9. The method of claim 6, wherein said 5-aminovalerate transaminase
has at least 70% sequence identity to the amino acid sequence set
forth in SEQ ID NO:7 or SEQ ID NO:9.
10. The method of claim 8, wherein 5-hydroxypentanoate is converted
to cadaverine using a carboxylate reductase, an alcohol
dehydrogenase, and a .omega.-transaminase.
11. The method of claim 10, wherein said .omega.-transaminase is
classified under EC 2.6.1.18, EC 2.6.1.19, EC 2.6.1.29, 2.6.1.48,
or EC 2.6.1.82.
12. The method of claim 8, wherein 5-hydroxypentanoate is converted
to 1,5-pentanediol.
13. The method of claim 12, wherein 5-hydroxypentanoate is
converted to 1,5-pentanediol using a carboxylate reductase and an
alcohol dehydrogenase.
14. The method of claim 10, wherein said carboxylate reductase has
at least 70% sequence identity to the amino acid sequence set forth
in SEQ ID NO:1, SEQ ID NO:2, SEQ ID NO:3, SEQ ID NO:5, or SEQ ID
NO:6.
15. The method of claim 12, wherein 1,5-pentanediol is
enzymatically converted to cadaverine using an alcohol
dehydrogenase and a .omega.-transaminase.
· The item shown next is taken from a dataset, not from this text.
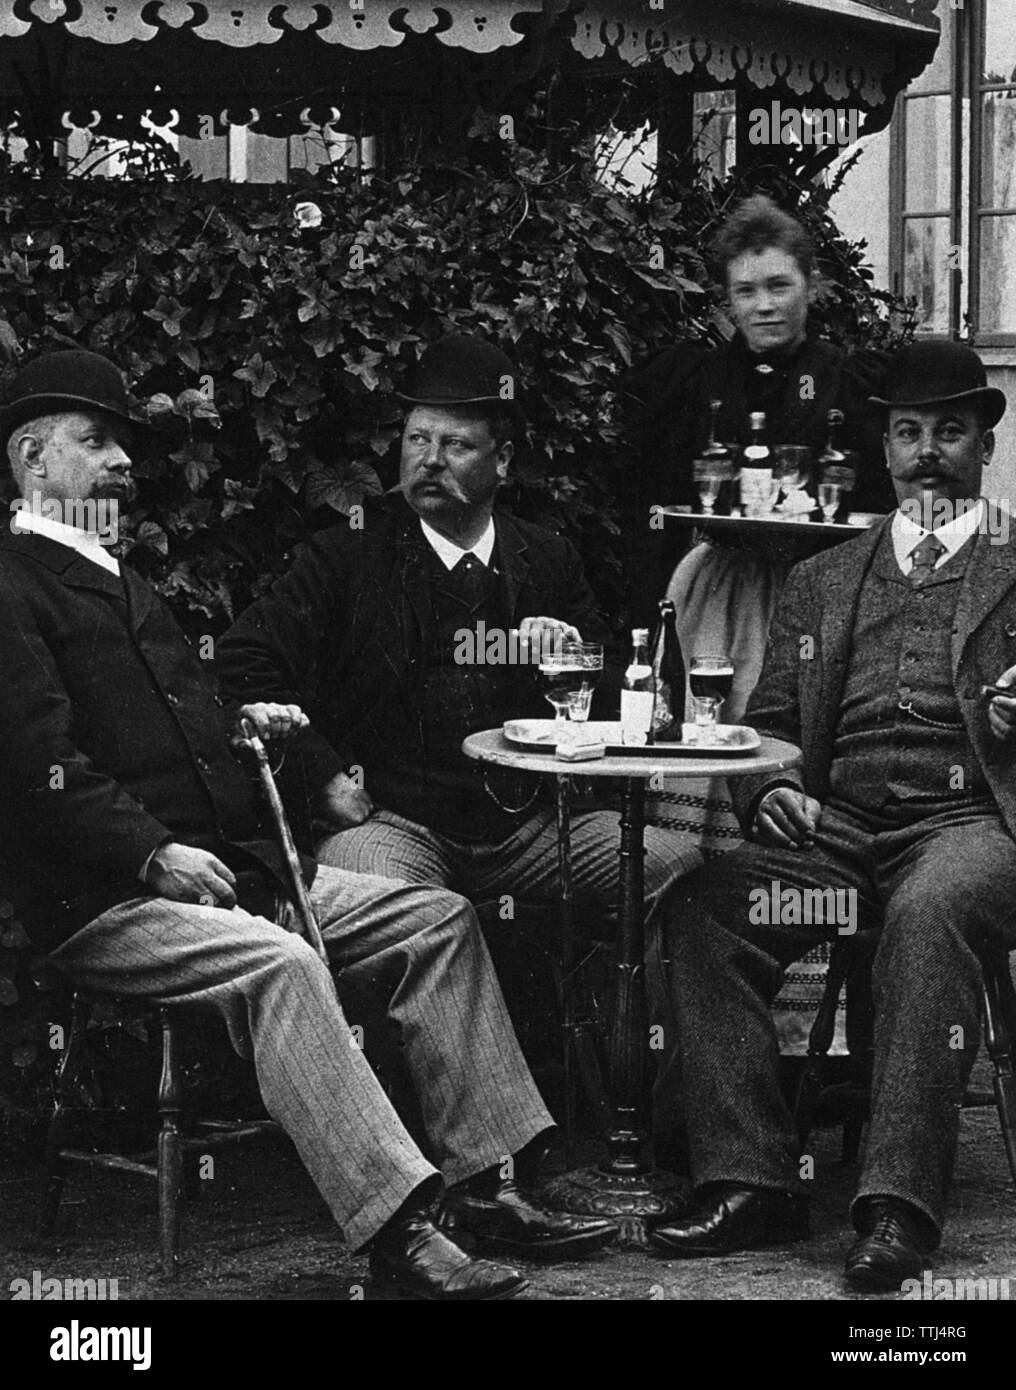 Männer lifestyle am Anfang des 20. Jahrhunderts. Drei Männer sitzen an einem Tisch in einem Restaurant bei einem Glas Bier. Sie sind alle drei in der Regel gut gekleidet und Hüte sind auf. Schweden 1800-1900 BV 67-3 Stockfoto

16. The method of claim 15, wherein said .omega.-transaminase has
at least 70% sequence identity to an amino acid sequence set forth
in SEQ ID NO: 7, SEQ ID NO: 8, SEQ ID NO: 9, SEQ ID NO: 10, SEQ ID
NO: 11, or SEQ ID NO: 12.
17. The method of claim 3, wherein 5-aminopentanoate is
enzymatically converted to cadaverine.
18. The method of claim 17, wherein 5-aminopentanoate is
enzymatically converted to cadaverine using a carboxylate reductase
and a .omega.-transaminase.
19. The method of claim 18, wherein said .omega.-transaminase has
at least 70% sequence identity to an amino acid sequence set forth
in SEQ ID NO: 7, SEQ ID NO: 8, SEQ ID NO: 9, or SEQ ID NO: 10.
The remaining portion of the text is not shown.